» **Work order**
Repeat the data exactly as given below, dropping every picture.

» **Provided data**
####

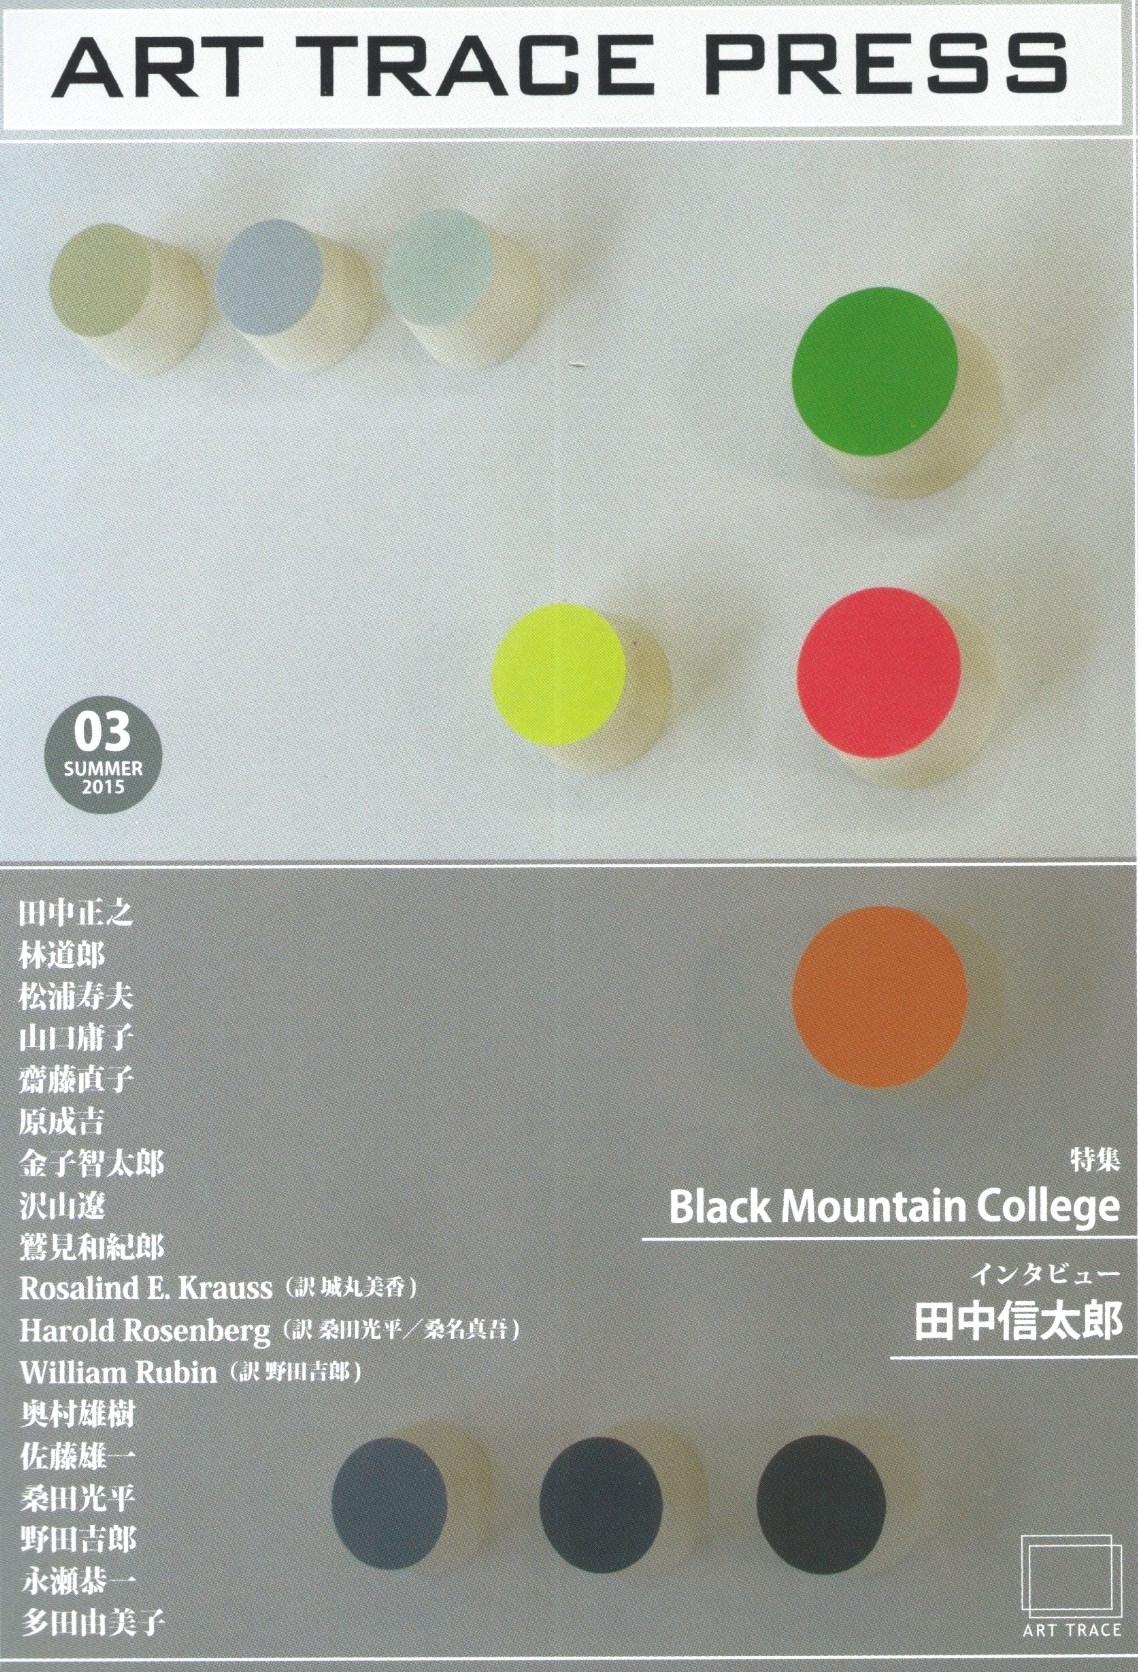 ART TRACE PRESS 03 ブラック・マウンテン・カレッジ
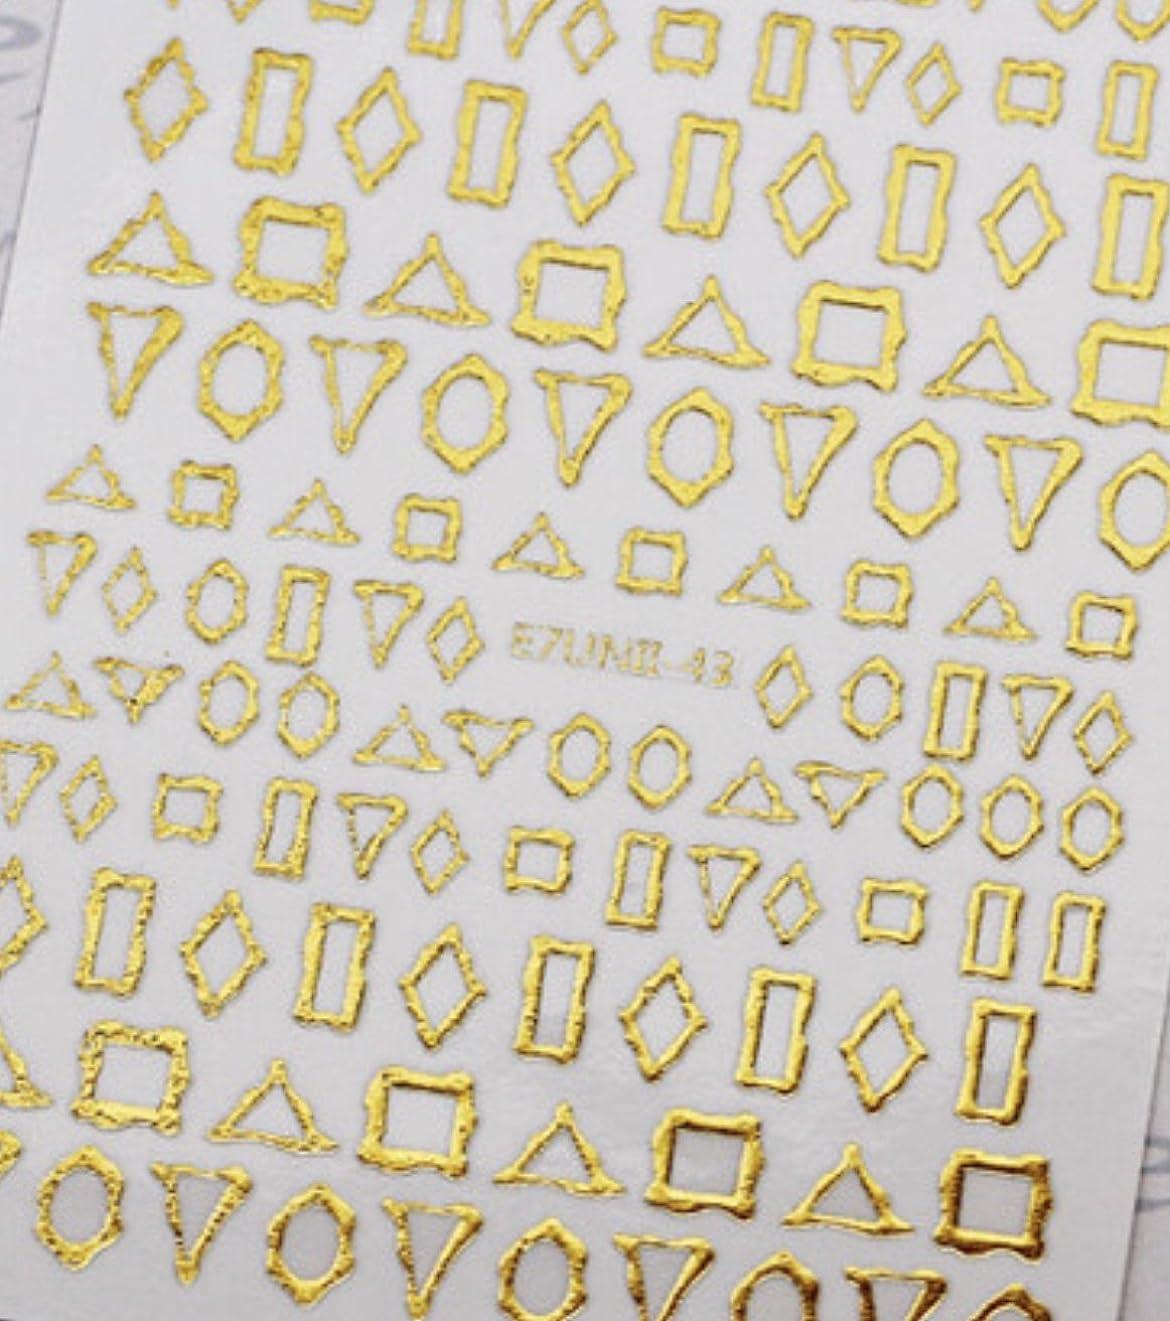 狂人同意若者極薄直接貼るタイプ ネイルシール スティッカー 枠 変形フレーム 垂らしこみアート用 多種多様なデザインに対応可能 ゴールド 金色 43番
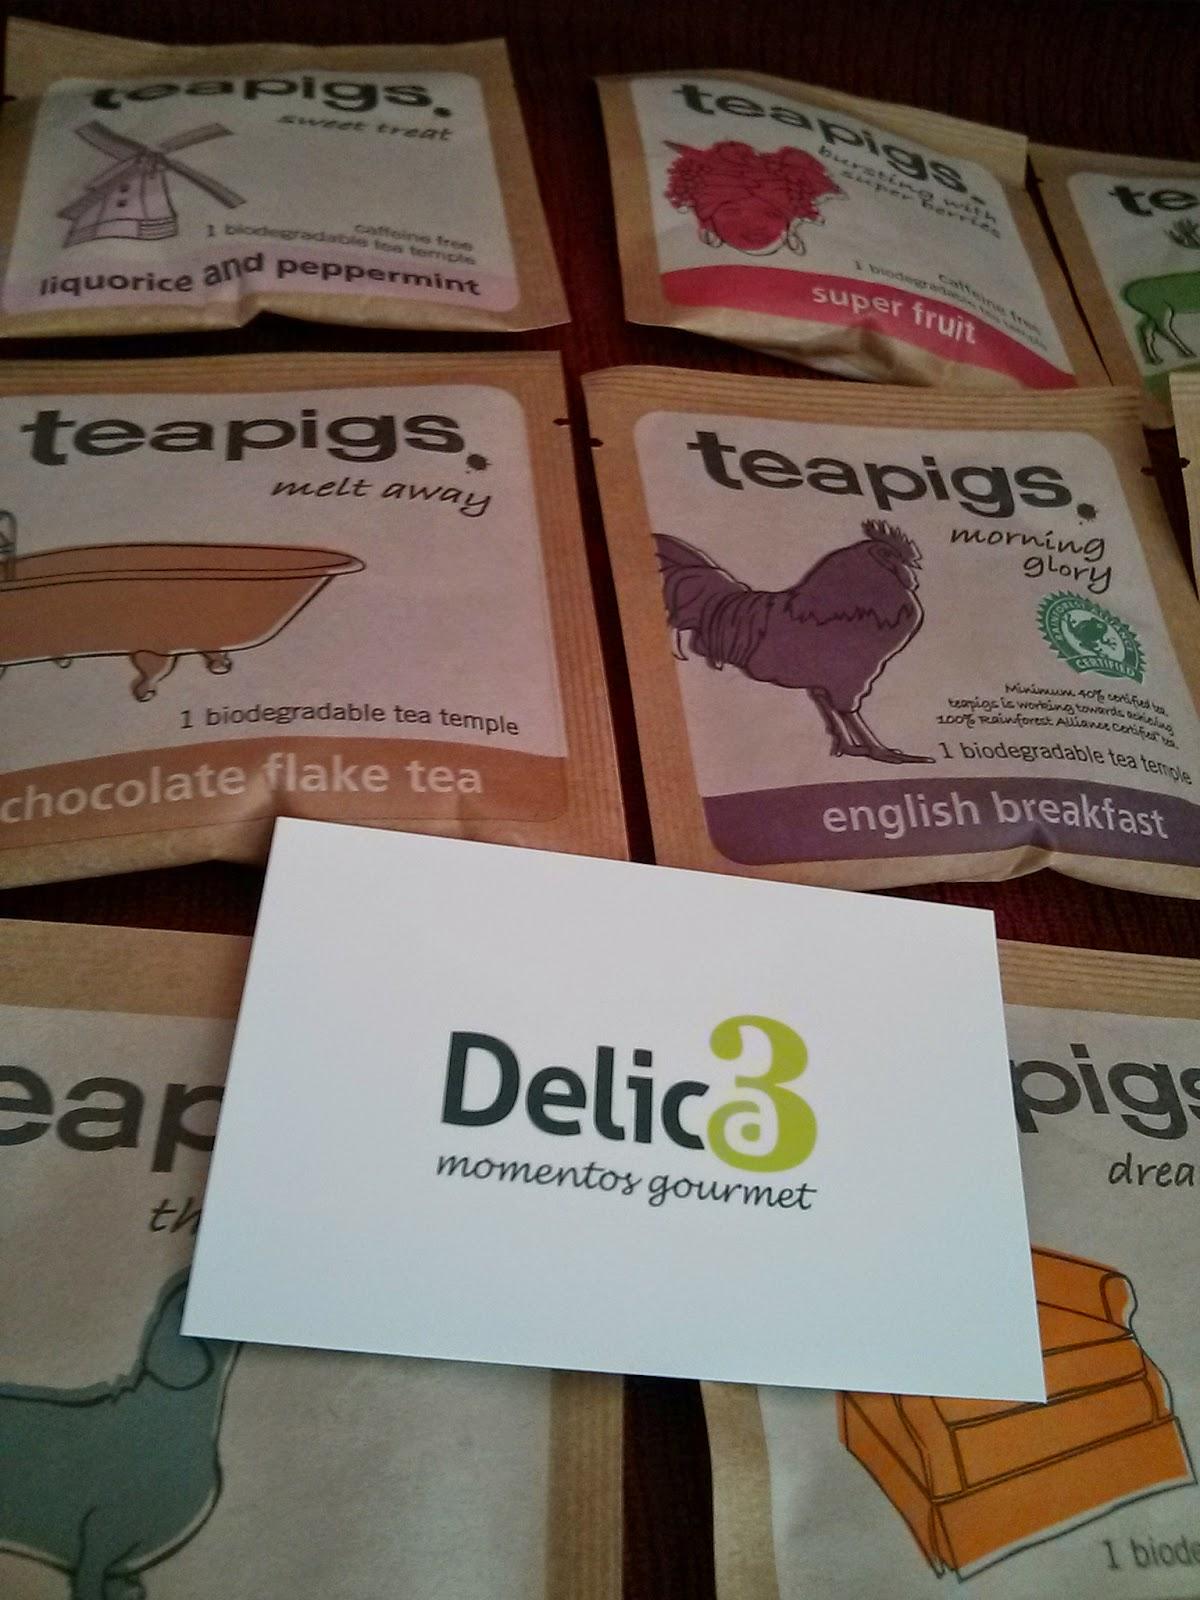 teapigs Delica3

####

» **Answer section**
 ART TRACE PRESS 03 ブラック・マウンテン・カレッジ
 狂人同意若者極薄直接貼るタイプ ネイルシール スティッカー 枠 変形フレーム 垂らしこみアート用 多種多様なデザインに対応可能 ゴールド 金色 43番
 teapigs Delica3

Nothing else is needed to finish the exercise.